The task: From first line to last, transcribe the listing exactly and skip any image.

Start of Given material

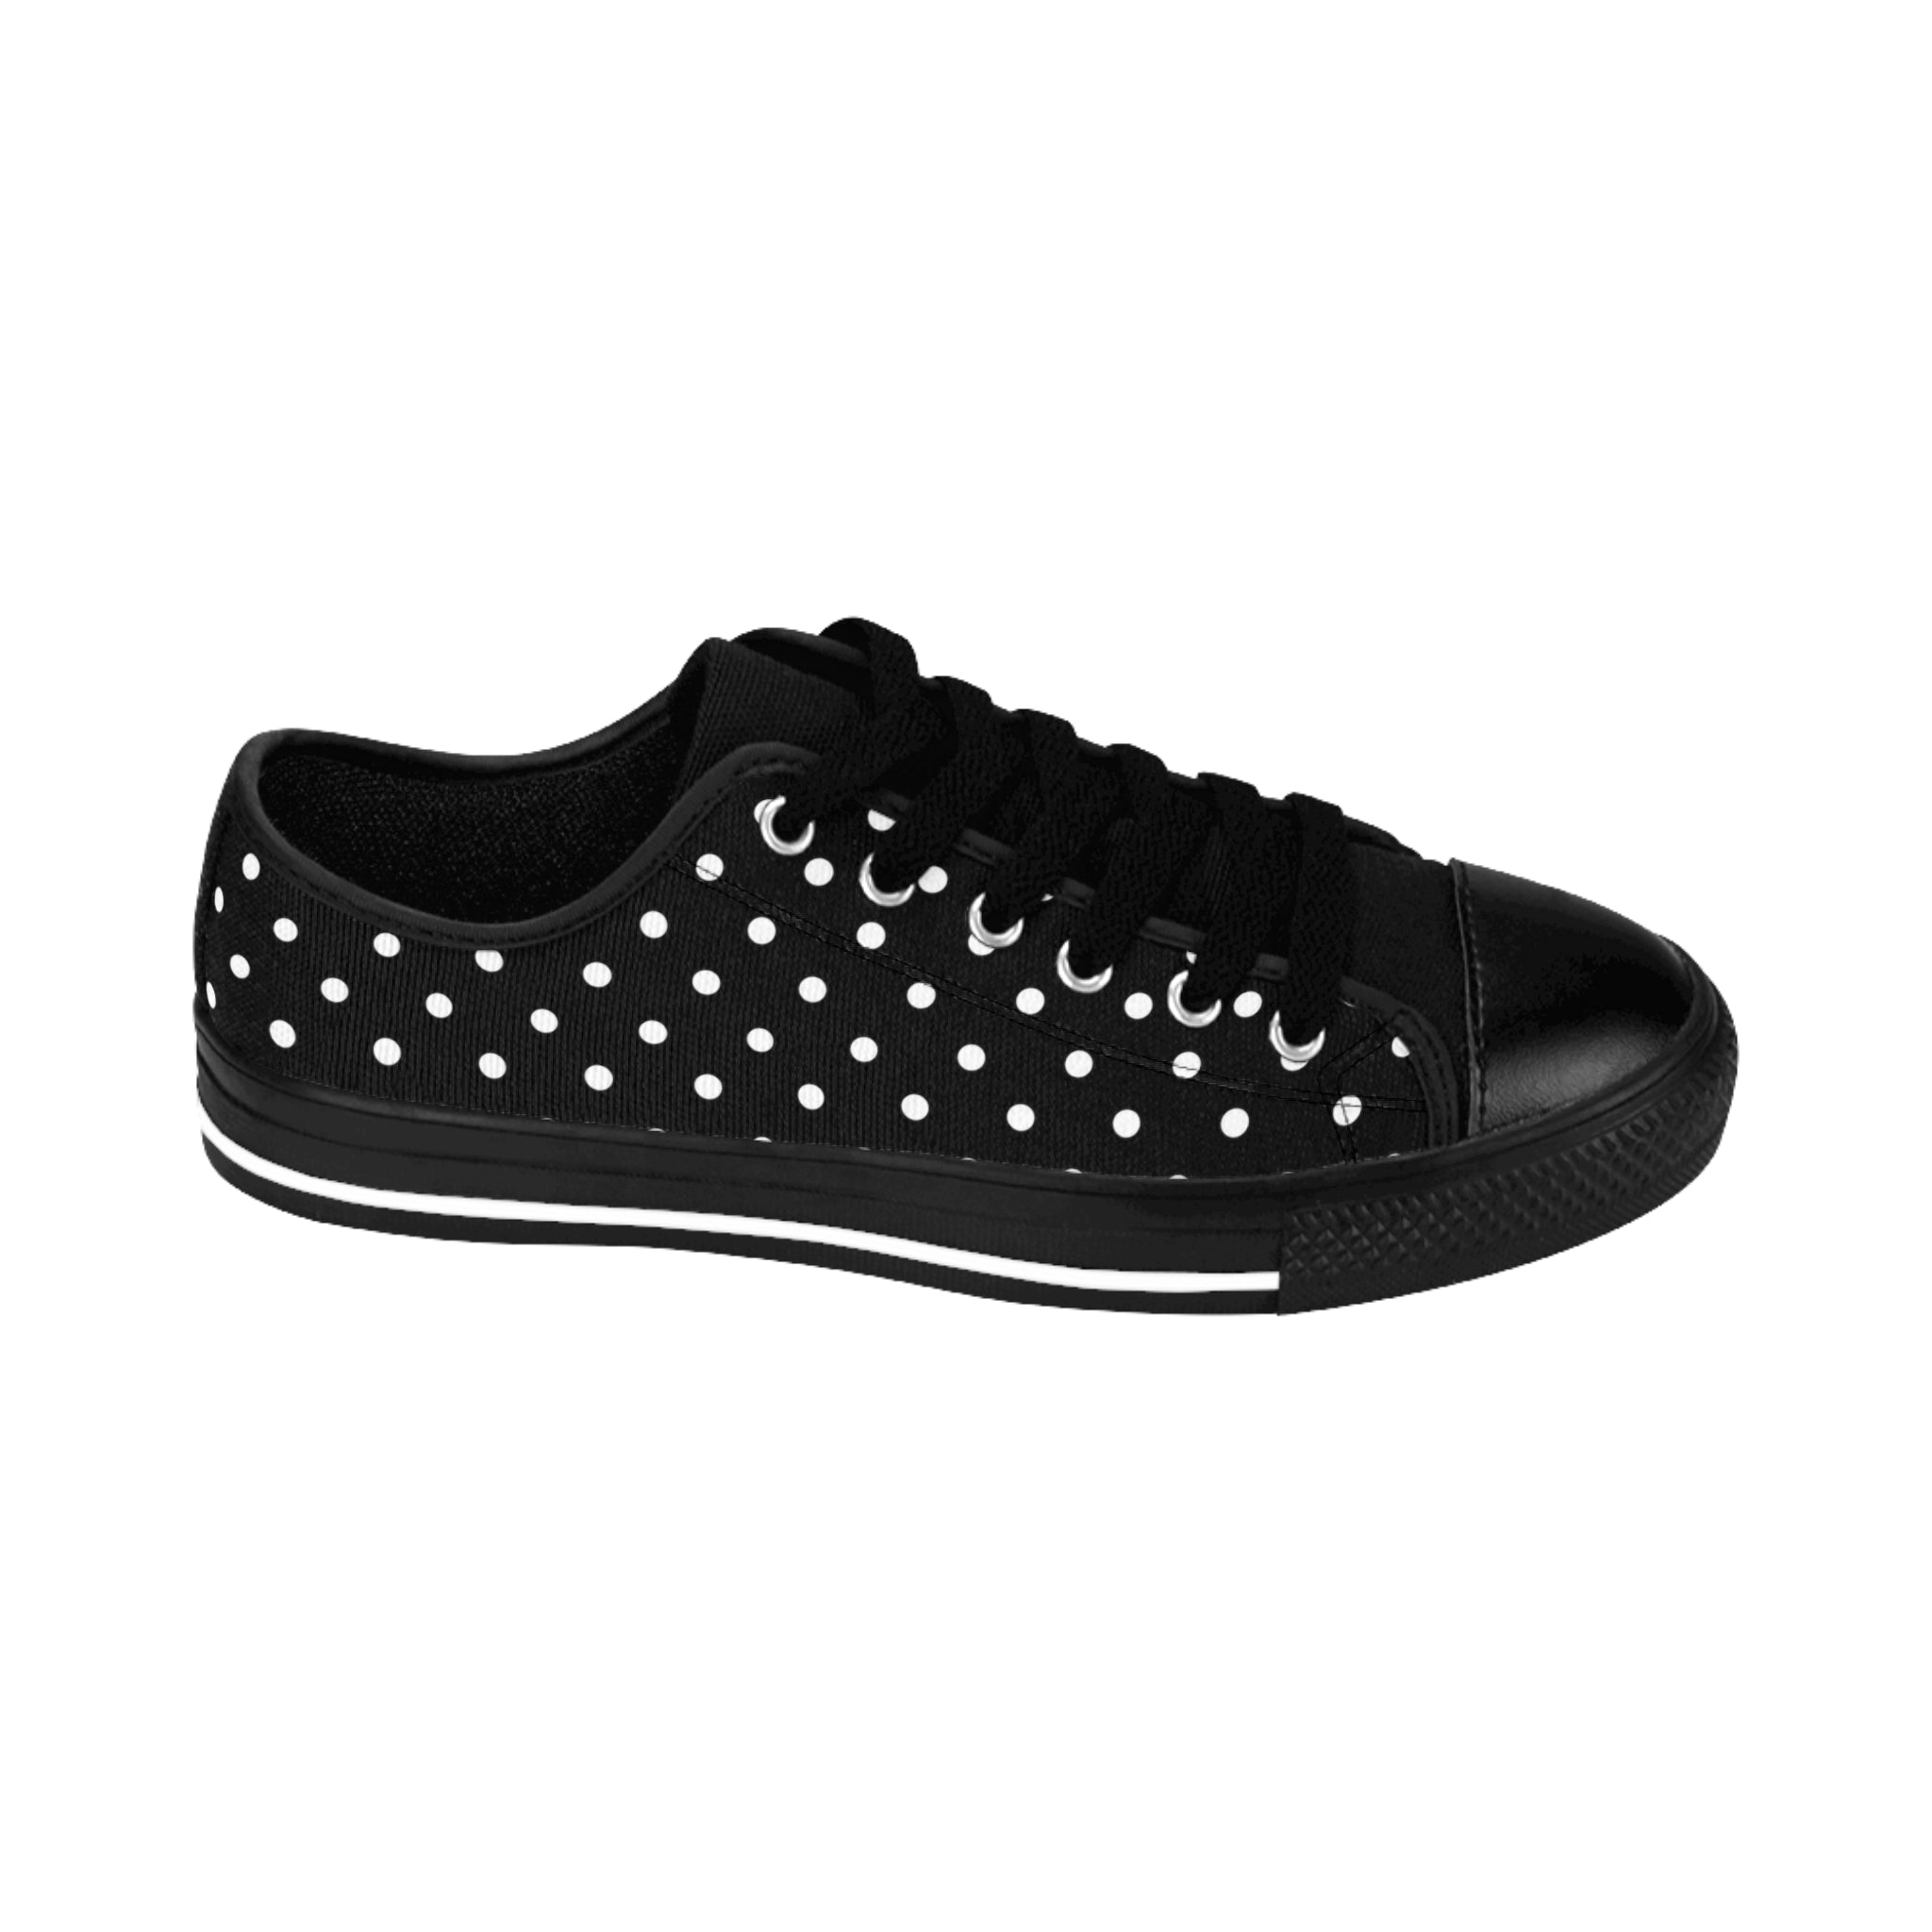 Polka Dots For days (Pattern in White) Black Women's Low Top Canvas Shoes Shoes US-11-Black-sole The Middle Aged Groove
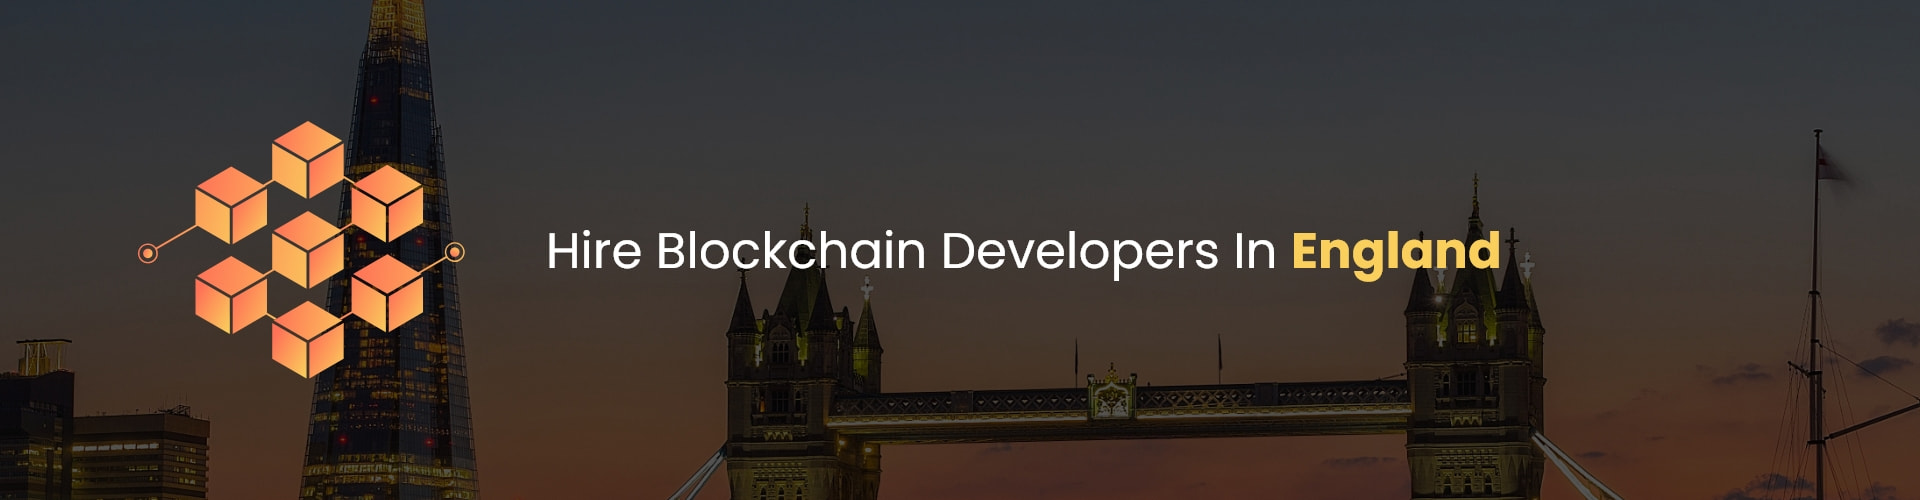 hire blockchain developers in england
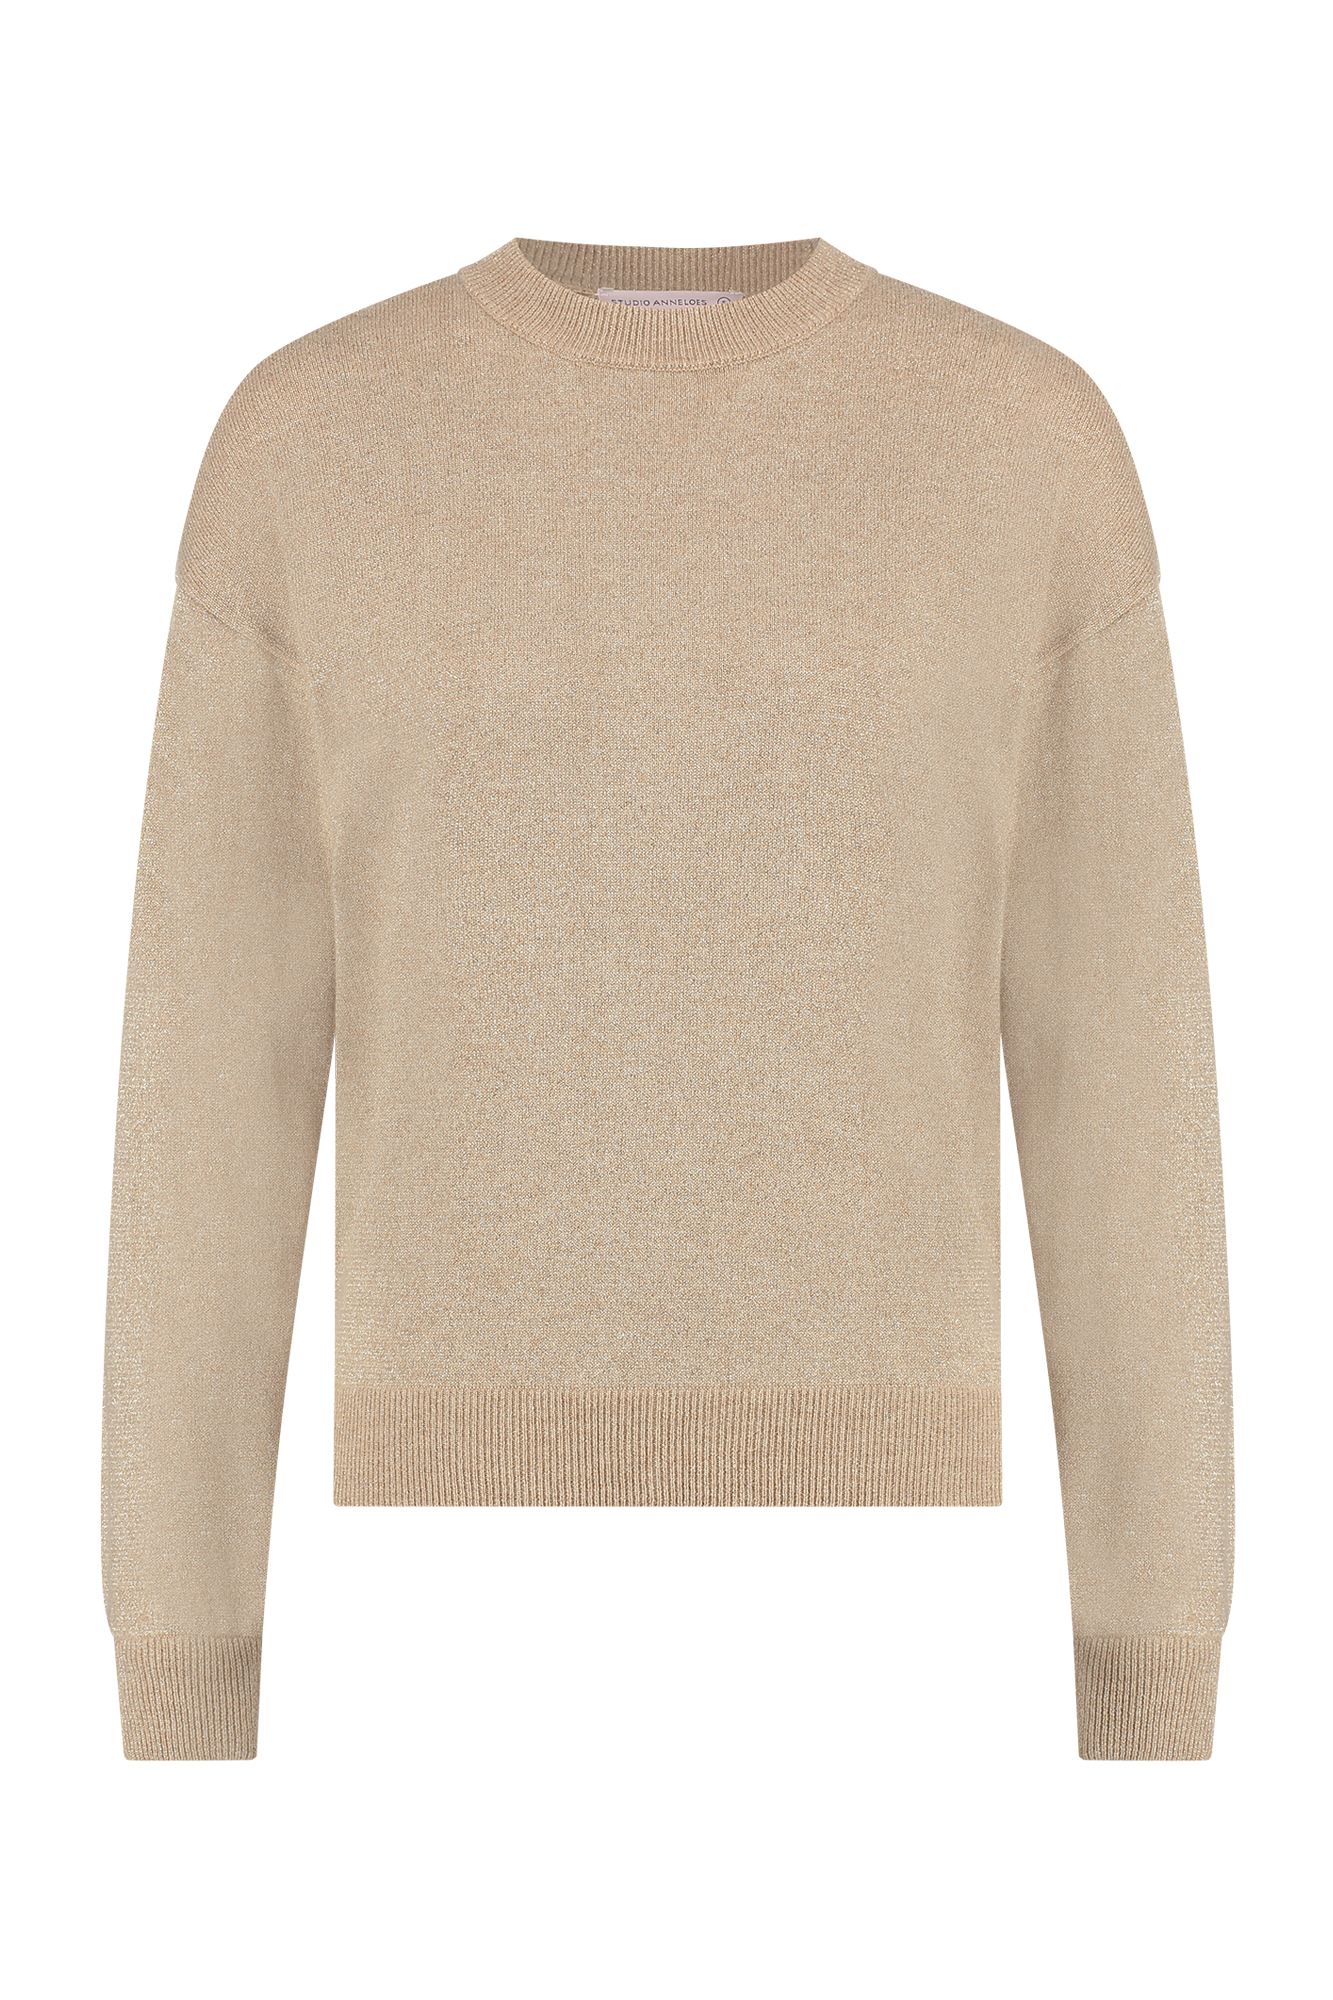 Studio Anneloes Cady Lurex Cashmere Taupe

End of Given material

Answer section:
 Polka Dots For days (Pattern in White) Black Women's Low Top Canvas Shoes Shoes US-11-Black-sole The Middle Aged Groove
 hire blockchain developers in england
 Studio Anneloes Cady Lurex Cashmere Taupe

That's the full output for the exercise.